Gibbs is a principal with DLR Group, an international design group. He creates design solutions that holistically transform and elevate outcomes and life experiences throughout the country.

They are hoping to find development partners in communities in states including Minnesota, Indiana California and Arizona. Various construction and operational options are on the table, as they continue talks with local and national developers.

“There are few integrated housing and employment options available for people with developmental disabilities,” said O’Meara. “We work with local partners and community leaders to help create life opportunities that support the personal choices of people with developmental disabilities, providing convenient access to housing, employment, recreation and community engagement based on their personal dreams and aspirations.”

The two are combining many years of design and construction expertise to promote an innovative approach to living, working and recreating together within local communities. Their project design features quality residences with meaningful employment opportunities through supported business connections and person-centered educational programs that provide life skills and experience to facilitate independent living. The design includes health, wellness and recreation components along with other amenities, and a flexible scale depending on identified needs and resources.

Current plans involve a $100 million project with 400 residences combined with local employment, recreation, health, wellness and education services.

“Working and living together within the community is vital to everyone. DLR Group is proud to work with Shamus to help lead an important design effort that recognizes and values citizens with developmental disabilities and help create integrated opportunities to improve their life experiences within their local communities,” said Gibbs.

O’Meara is the parent of a young adult with autism. The idea for the new venture came during discussions with friends and family in his St. Paul back yard. His family home isn’t far from the former Ford Motor Company plant site in the Highland Park neighborhood, which is being redeveloped. That pending redevelopment has sparked many discussions about the site’s future uses. It also led to thinking beyond their neighborhood.

The O’Meara family is also thinking about the future. “As the parent of a child with a disability, you often think about your family situation and you wonder about the long-term future for your loved one,” he said. That led to thinking about future integrated housing and lifestyle options, where education, employment, health and wellness, and recreation opportunities could be part of everyday living.

Families everywhere deal with the challenges as their children with disabilities age into adulthood and want to be more independent. “Numerous families I know are dealing with this issue,” O’Meara said.

O’Meara and Gibbs are moving forward with their ideas, saying their concept is easily replicated and could be used in many communities. “It could be pretty dynamic,” said Gibbs.

They’ve discussed their concept with many people, including families with a disabled family member and advisory groups.

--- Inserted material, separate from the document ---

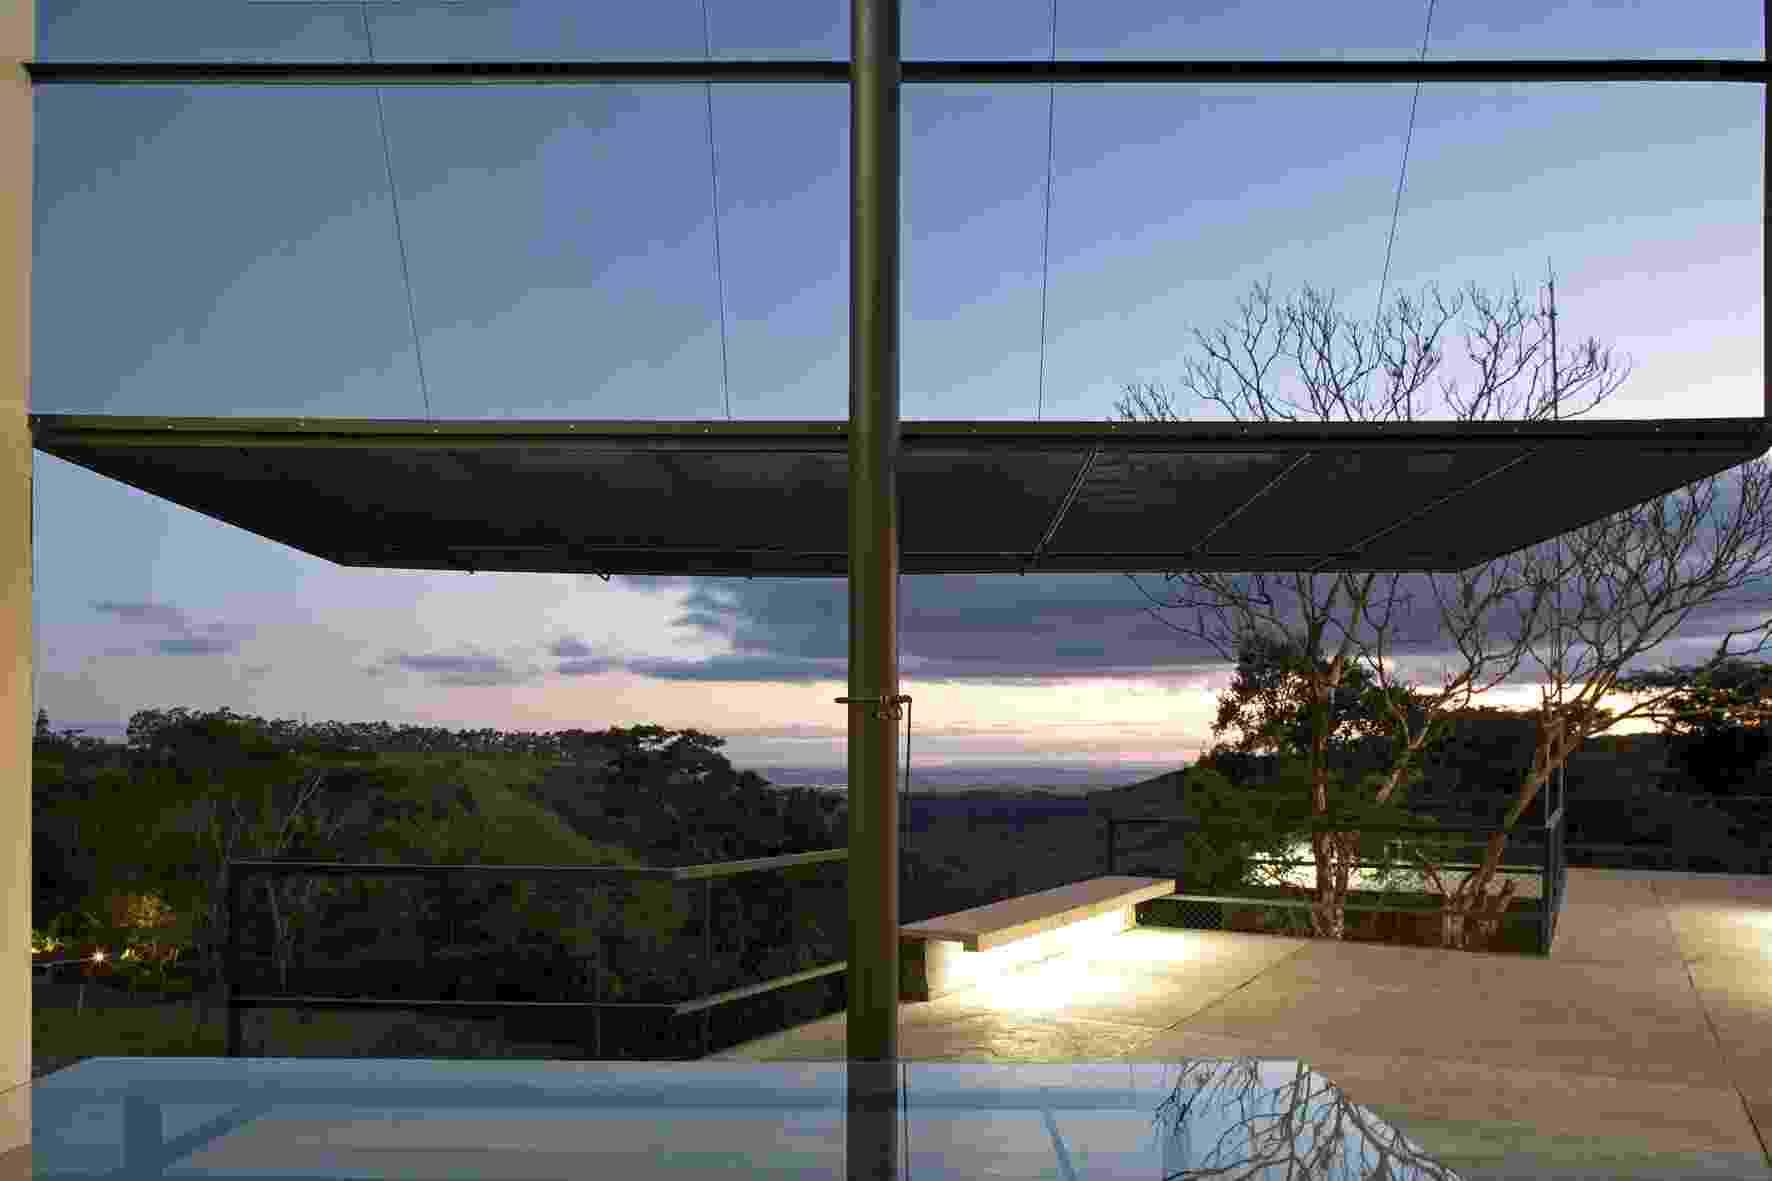 Os grandes portões de tela abrem a casa para a varanda e o horizonte. A casa no sítio Santo Antônio, em São Pedro (SP), foi projetada pelo arquiteto Eduardo de Oliveira Rosa - Leonardo Finotti/ UOL

They continue to have those discussions. Gibbs likes the idea because it also would break down societal silos and allow people with disabilities to be more fully integrated into their home communities. Such communities could include elders and people who aren’t disabled.

“We’ve researched ideas locally and around the world,” Gibbs said. “This could have quite a positive impact.”

One focus of the development would be to not reinvent the wheel, and instead look at working with existing community partners such as recreation centers, fitness clubs, employers and health and wellness businesses. O’Meara said the intent is to build partnerships with other entities to that residents of the proposed developments could have full life experiences.

“The partnership piece is obviously incredibly important,” said Gibbs. Gibbs and O’Meara hope to launch a website soon.